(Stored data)

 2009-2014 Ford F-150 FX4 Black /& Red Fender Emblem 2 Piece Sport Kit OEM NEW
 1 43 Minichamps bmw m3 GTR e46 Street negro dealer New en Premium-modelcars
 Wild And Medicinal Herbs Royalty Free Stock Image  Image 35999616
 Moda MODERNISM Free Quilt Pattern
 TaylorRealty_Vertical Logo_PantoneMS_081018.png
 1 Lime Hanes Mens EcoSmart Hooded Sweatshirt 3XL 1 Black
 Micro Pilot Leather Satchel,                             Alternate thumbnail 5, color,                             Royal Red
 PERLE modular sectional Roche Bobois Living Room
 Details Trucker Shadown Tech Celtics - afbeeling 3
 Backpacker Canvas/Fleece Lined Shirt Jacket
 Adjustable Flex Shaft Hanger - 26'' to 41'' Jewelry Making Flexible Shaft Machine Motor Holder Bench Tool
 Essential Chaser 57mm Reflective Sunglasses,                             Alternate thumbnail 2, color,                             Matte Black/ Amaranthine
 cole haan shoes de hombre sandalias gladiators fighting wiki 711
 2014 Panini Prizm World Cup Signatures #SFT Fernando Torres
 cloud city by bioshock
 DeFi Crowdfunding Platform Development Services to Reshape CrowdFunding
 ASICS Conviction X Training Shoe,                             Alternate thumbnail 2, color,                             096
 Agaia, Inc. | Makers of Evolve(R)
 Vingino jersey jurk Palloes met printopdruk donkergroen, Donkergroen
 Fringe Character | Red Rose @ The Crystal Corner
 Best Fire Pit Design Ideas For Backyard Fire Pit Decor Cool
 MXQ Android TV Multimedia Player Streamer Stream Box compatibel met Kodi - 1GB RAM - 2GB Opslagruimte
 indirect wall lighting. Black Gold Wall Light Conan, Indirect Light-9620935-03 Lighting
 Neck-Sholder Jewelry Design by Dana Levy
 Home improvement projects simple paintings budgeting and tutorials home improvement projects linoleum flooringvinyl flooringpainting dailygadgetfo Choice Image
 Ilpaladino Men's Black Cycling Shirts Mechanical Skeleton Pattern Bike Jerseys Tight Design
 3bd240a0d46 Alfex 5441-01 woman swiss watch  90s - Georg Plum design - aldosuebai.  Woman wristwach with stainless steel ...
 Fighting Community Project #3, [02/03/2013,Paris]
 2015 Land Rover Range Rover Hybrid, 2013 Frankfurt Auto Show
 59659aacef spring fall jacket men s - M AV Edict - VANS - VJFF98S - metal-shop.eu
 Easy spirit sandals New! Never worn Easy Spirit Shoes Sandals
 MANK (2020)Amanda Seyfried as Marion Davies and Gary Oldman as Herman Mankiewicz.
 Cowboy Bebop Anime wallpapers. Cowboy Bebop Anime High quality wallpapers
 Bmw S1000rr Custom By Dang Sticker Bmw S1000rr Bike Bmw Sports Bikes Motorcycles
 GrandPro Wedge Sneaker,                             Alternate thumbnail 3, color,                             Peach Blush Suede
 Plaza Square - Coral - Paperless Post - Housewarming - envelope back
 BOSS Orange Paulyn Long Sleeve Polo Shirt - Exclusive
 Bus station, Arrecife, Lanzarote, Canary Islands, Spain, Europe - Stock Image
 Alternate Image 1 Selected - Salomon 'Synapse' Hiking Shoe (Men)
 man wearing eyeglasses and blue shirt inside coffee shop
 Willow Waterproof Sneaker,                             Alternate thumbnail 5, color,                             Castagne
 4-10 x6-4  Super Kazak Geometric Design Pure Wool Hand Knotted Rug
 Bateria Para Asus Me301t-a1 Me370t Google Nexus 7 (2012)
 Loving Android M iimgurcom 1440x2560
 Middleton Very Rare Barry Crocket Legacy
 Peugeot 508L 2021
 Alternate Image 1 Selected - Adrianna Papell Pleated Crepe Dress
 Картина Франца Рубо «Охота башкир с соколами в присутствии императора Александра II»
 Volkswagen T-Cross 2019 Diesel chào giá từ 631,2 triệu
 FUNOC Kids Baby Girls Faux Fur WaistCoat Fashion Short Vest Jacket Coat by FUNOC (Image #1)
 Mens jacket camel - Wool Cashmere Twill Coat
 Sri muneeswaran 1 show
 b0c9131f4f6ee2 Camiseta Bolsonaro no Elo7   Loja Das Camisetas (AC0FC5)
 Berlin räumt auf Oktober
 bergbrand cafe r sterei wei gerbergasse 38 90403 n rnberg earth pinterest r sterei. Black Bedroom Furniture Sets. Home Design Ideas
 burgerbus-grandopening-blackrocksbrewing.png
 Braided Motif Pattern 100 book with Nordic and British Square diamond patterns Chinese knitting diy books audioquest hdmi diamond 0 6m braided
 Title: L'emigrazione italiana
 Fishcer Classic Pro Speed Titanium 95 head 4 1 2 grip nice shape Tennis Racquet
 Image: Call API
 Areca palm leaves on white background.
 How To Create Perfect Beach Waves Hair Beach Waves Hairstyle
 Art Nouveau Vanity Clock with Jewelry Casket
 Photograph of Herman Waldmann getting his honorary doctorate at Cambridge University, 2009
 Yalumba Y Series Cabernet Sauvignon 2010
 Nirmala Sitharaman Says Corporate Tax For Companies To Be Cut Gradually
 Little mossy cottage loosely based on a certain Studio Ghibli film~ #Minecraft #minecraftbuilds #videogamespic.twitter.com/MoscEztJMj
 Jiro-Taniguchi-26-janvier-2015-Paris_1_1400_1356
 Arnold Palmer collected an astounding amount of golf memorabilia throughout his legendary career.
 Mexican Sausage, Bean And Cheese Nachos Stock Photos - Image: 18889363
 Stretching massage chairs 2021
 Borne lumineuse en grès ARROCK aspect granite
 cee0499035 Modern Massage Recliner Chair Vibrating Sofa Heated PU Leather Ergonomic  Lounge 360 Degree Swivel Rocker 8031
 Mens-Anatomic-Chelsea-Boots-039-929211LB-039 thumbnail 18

TASK REQUIREMENTS
Within the data above, the span starting at the line containing "1 43 Minichamps" and ending at the line containing "2014 Panini Prizm" is to be retyped exactly, with no other lines.

WRITTEN SOLUTION
 1 43 Minichamps bmw m3 GTR e46 Street negro dealer New en Premium-modelcars
 Wild And Medicinal Herbs Royalty Free Stock Image  Image 35999616
 Moda MODERNISM Free Quilt Pattern
 TaylorRealty_Vertical Logo_PantoneMS_081018.png
 1 Lime Hanes Mens EcoSmart Hooded Sweatshirt 3XL 1 Black
 Micro Pilot Leather Satchel,                             Alternate thumbnail 5, color,                             Royal Red
 PERLE modular sectional Roche Bobois Living Room
 Details Trucker Shadown Tech Celtics - afbeeling 3
 Backpacker Canvas/Fleece Lined Shirt Jacket
 Adjustable Flex Shaft Hanger - 26'' to 41'' Jewelry Making Flexible Shaft Machine Motor Holder Bench Tool
 Essential Chaser 57mm Reflective Sunglasses,                             Alternate thumbnail 2, color,                             Matte Black/ Amaranthine
 cole haan shoes de hombre sandalias gladiators fighting wiki 711
 2014 Panini Prizm World Cup Signatures #SFT Fernando Torres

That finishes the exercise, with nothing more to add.